Por Carla B. Ribeiro

Depois de 50 anos a povoar o imaginário europeu, o Mustang chegou ao Velho Continente. E com o 5.0 de 421cv não se inibe de mostrar de que fibra é feito.

Estávamos em 1965 e o agente 007 era assumido por Sean Connery. Numa sequência emocionante, Bond, no seu mui britânico Aston Martin, brinca ao jogo do gato e do rato com Tilly Masterson, interpretada pela actriz Tania Mallet, aos comandos de um 1964.5 Ford Mustang Convertible. Foi a estreia do musculado modelo em grandes produções cinematográficas. Mas não se ficou por aí, tendo entrado em quase quatro mil filmes. 

É pelo cinema e pelo pequeno ecrã que o carro vai, ao longo de cinco décadas, conquistando o estatuto de ícone, ao mesmo tempo que fora dos Estados Unidos a sua posse ou mesmo a possibilidade de conduzir um não passava de um sonho de difícil concretização. Até que a Ford tomou uma decisão arrojada: democratizar o tão americano Mustang e levá-lo aos quatro cantos do mundo, Europa incluída, com a mesma premissa base. Ou seja, colocar a potência (neste caso específico são 421cv e um torque de 530 Nm) a um preço acessível. É que, não podendo entrar na lista dos carros baratos, por 88 mil euros, é difícil encontrar um veículo com potência e dimensões equivalentes. Já o 2.3 litros de 317cv será comercializado a partir de 47 mil euros.

É depois de se perceber todas estas nuances que se consegue entender melhor as reacções que a sua presença desperta: não há rosto que se mantenha inalterado à sua passagem. E poucos são os que resistem em enfiar o nariz pelo habitáculo adentro. Se dúvidas houvesse, este não é um carro para se passar despercebido.

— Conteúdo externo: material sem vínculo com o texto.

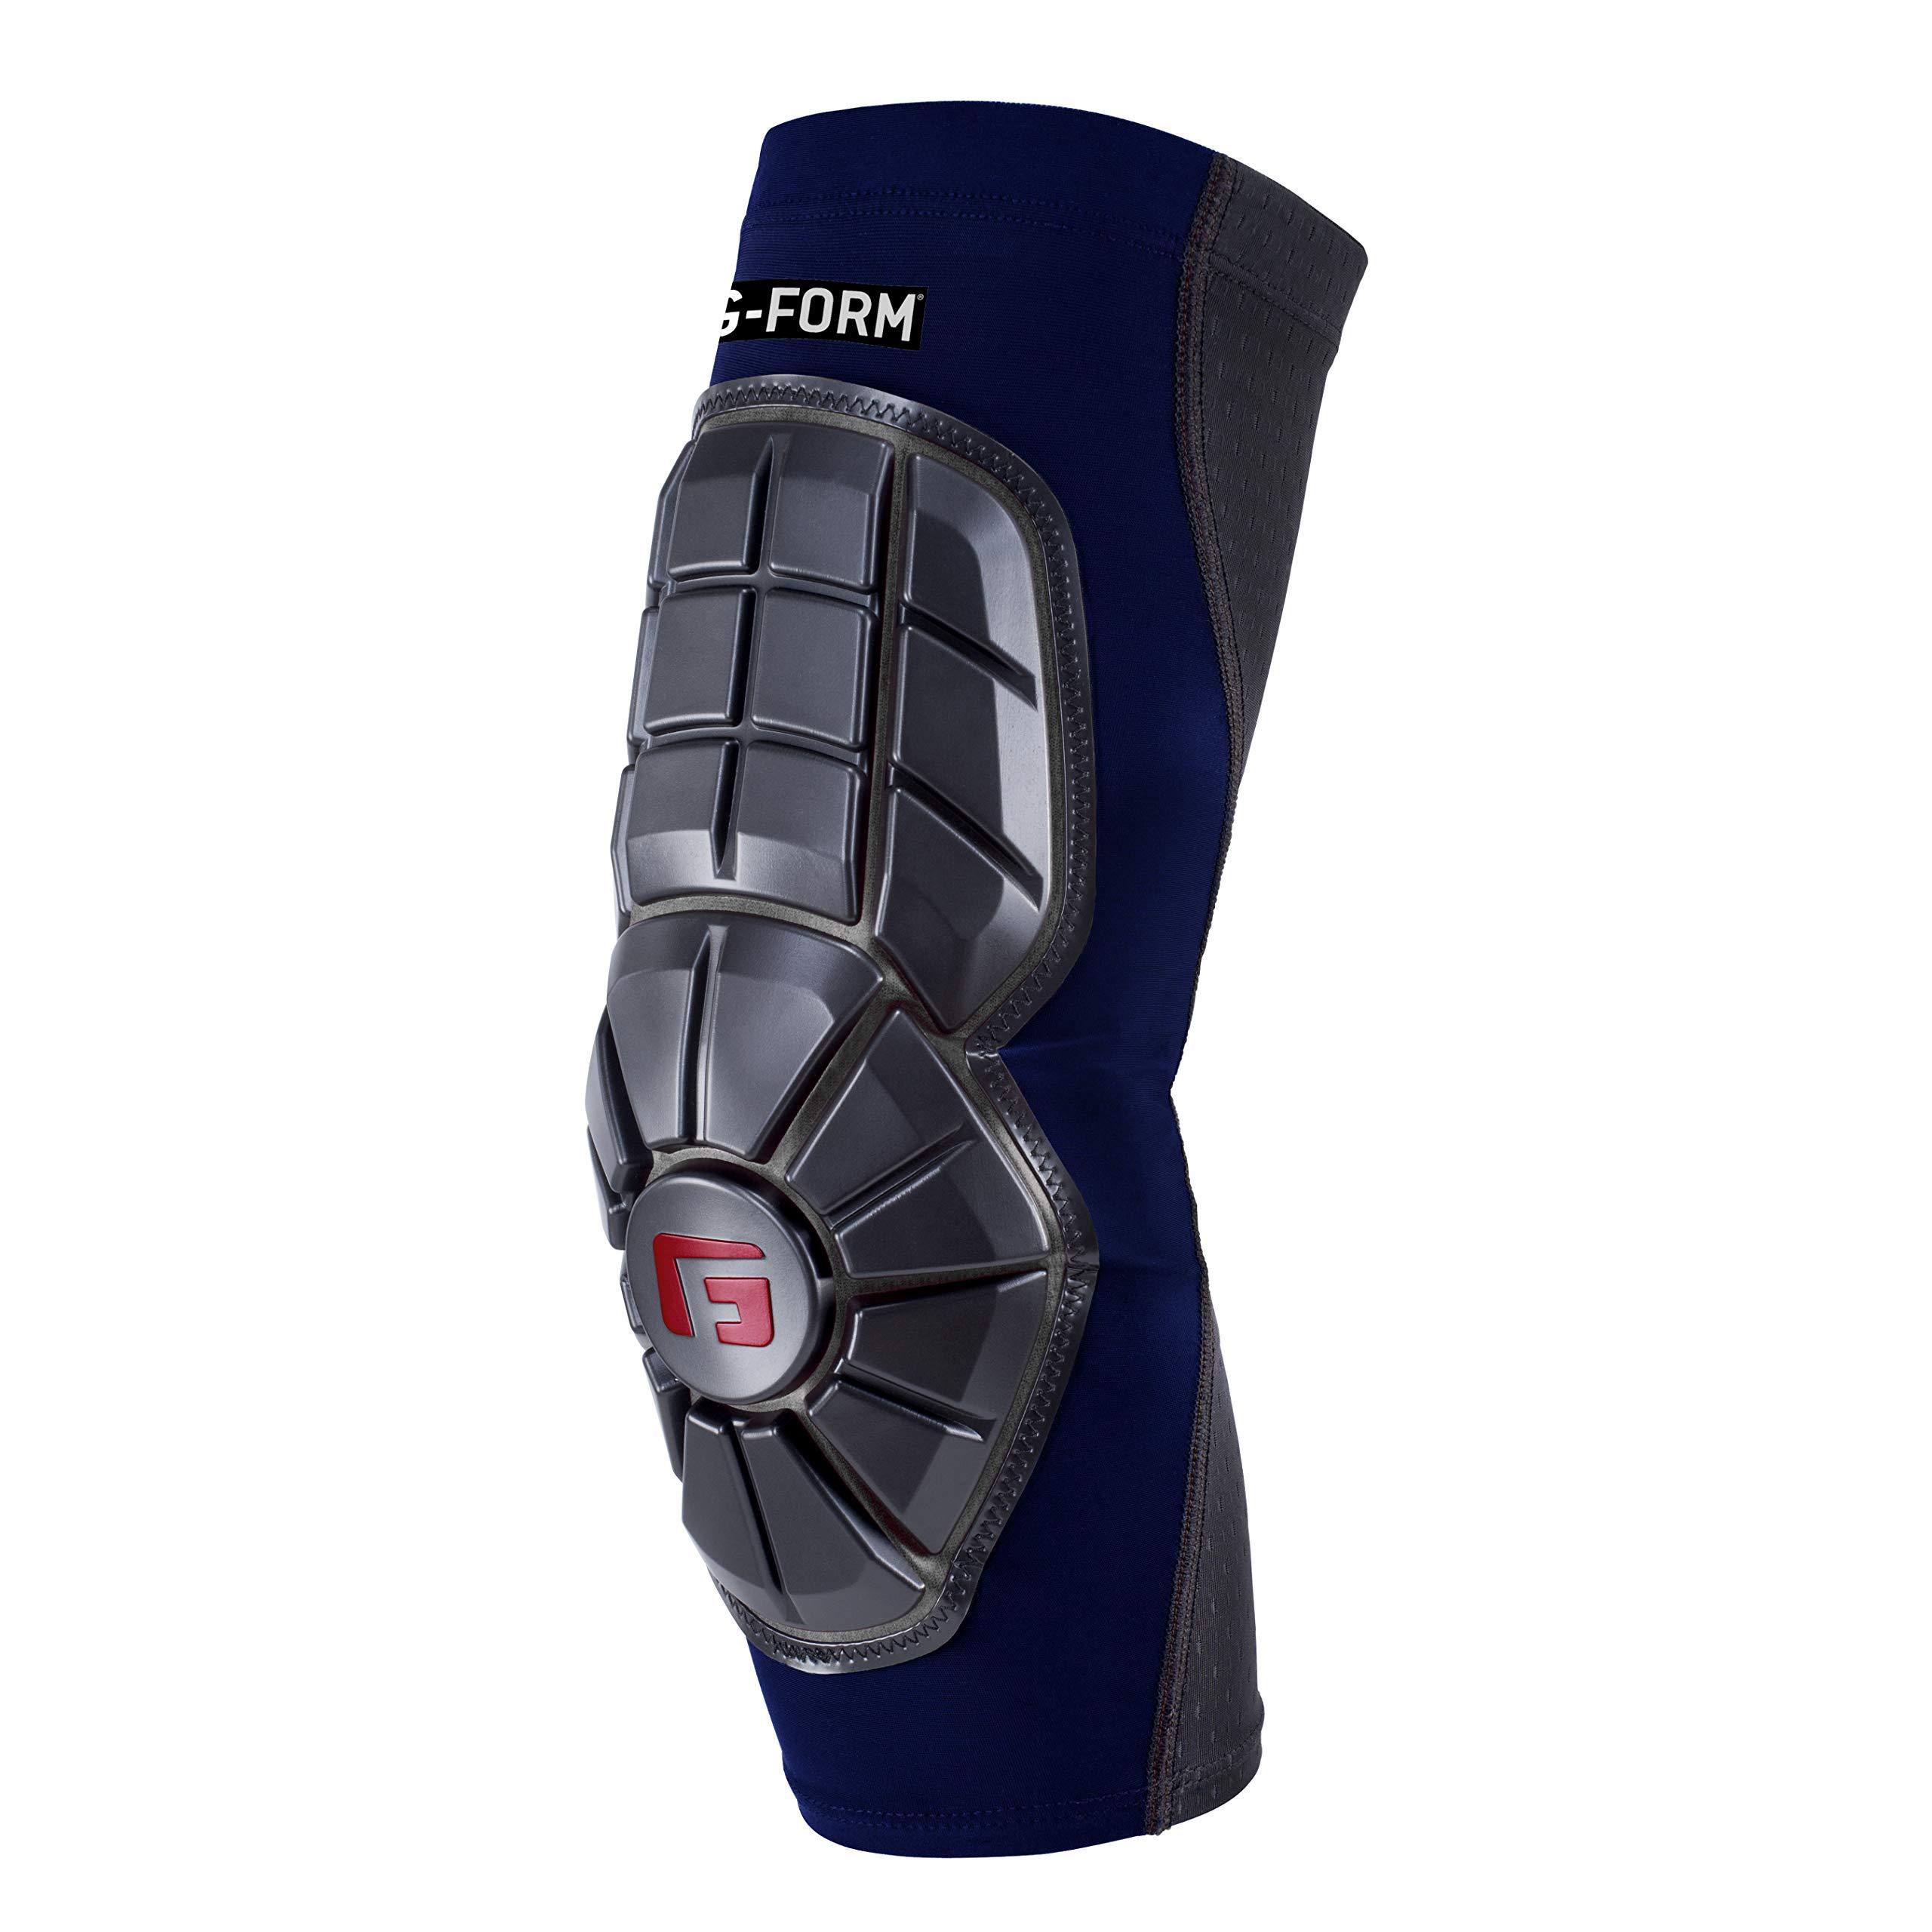 G-Form Pro Extended Elbow Guard, Navy Blue/Black, Adult Medium

Tal também não seria possível, mesmo que quiséssemos, tendo em conta o ronco que se solta deste V8 assim que carregamos no botão de ignição e que se vai tornando mais audível à medida que se sobe de regime. Diz a Ford que trabalhou o barulho do motor para que este se assemelhe ao original da década de 60 do século passado. Não tivemos um destes à mão para que pudéssemos comparar, mas não há dúvidas de que a forma como se expressa não pertence ao século XXI, conferindo-lhe uma certa aura vintage.

Outros pormenores remetem para o século XX sem que se possa considerar este um carro antiquado: o desenho do tablier, suficientemente cuidado, o friso sobre o porta-luvas com a designação Mustang 1964, o perfil dos bancos — à frente, tipo baquet; atrás, dois assentos que se afundam para proporcionarem apoio lombar. Claro que mesmo com os bancos fundos será difícil para um adulto encontrar conforto nos dois bancos traseiros — as entradas têm de ser feitas por ambos os lados, estando o carro dividido a meio pelo túnel de transmissão. Já à frente, exceptuando a ginástica requerida para ir buscar o cinto de segurança (os apoios dos baquets estão lá, mas facilmente deixam fugir a alça do cinto), há espaço suficiente para que, mesmo num carro tão fechado — houve quem nos dissesse até que se sentia dentro de um tanque de guerra —, se consiga alguma liberdade de movimentos. A posição de condução, ao contrário da maioria dos desportivos que pede por uma baixa, exige levantar um pouco o banco para que possamos ultrapassar uma frente não só extensa como alta.

Tem diferentes modos de condução (Wet/Snow, Normal, Sport and Track), possíveis de seleccionar nas patilhas prateadas que saem da consola central. Também a direcção pode ser ajustada para que se torne mais leve. Mas por mais que se faça, este Mustang é sempre um bruto. E um bruto com vontade própria. É que, ao contrário do que acontece com a maioria dos modelos europeus, em que as ajudas à condução quase que nos substituem, corrigindo os erros do condutor a cada instante, o Mustang é aquilo a que se pode designar de um purista. E como purista que é deixa que sejam as mãos e os pés a comandá-lo. Mesmo que este não saiba o que está a fazer. Claro que, com 421cv ansiosos por se libertarem, num carro de motor à frente e tracção atrás, é bom que se saiba bem o que se está a fazer. É que basta um movimento errado para que ele mostre de que fibra é feito. Claro que esta sua característica tão depressa entra nos prós como nos contras, dependendo do gosto de cada um.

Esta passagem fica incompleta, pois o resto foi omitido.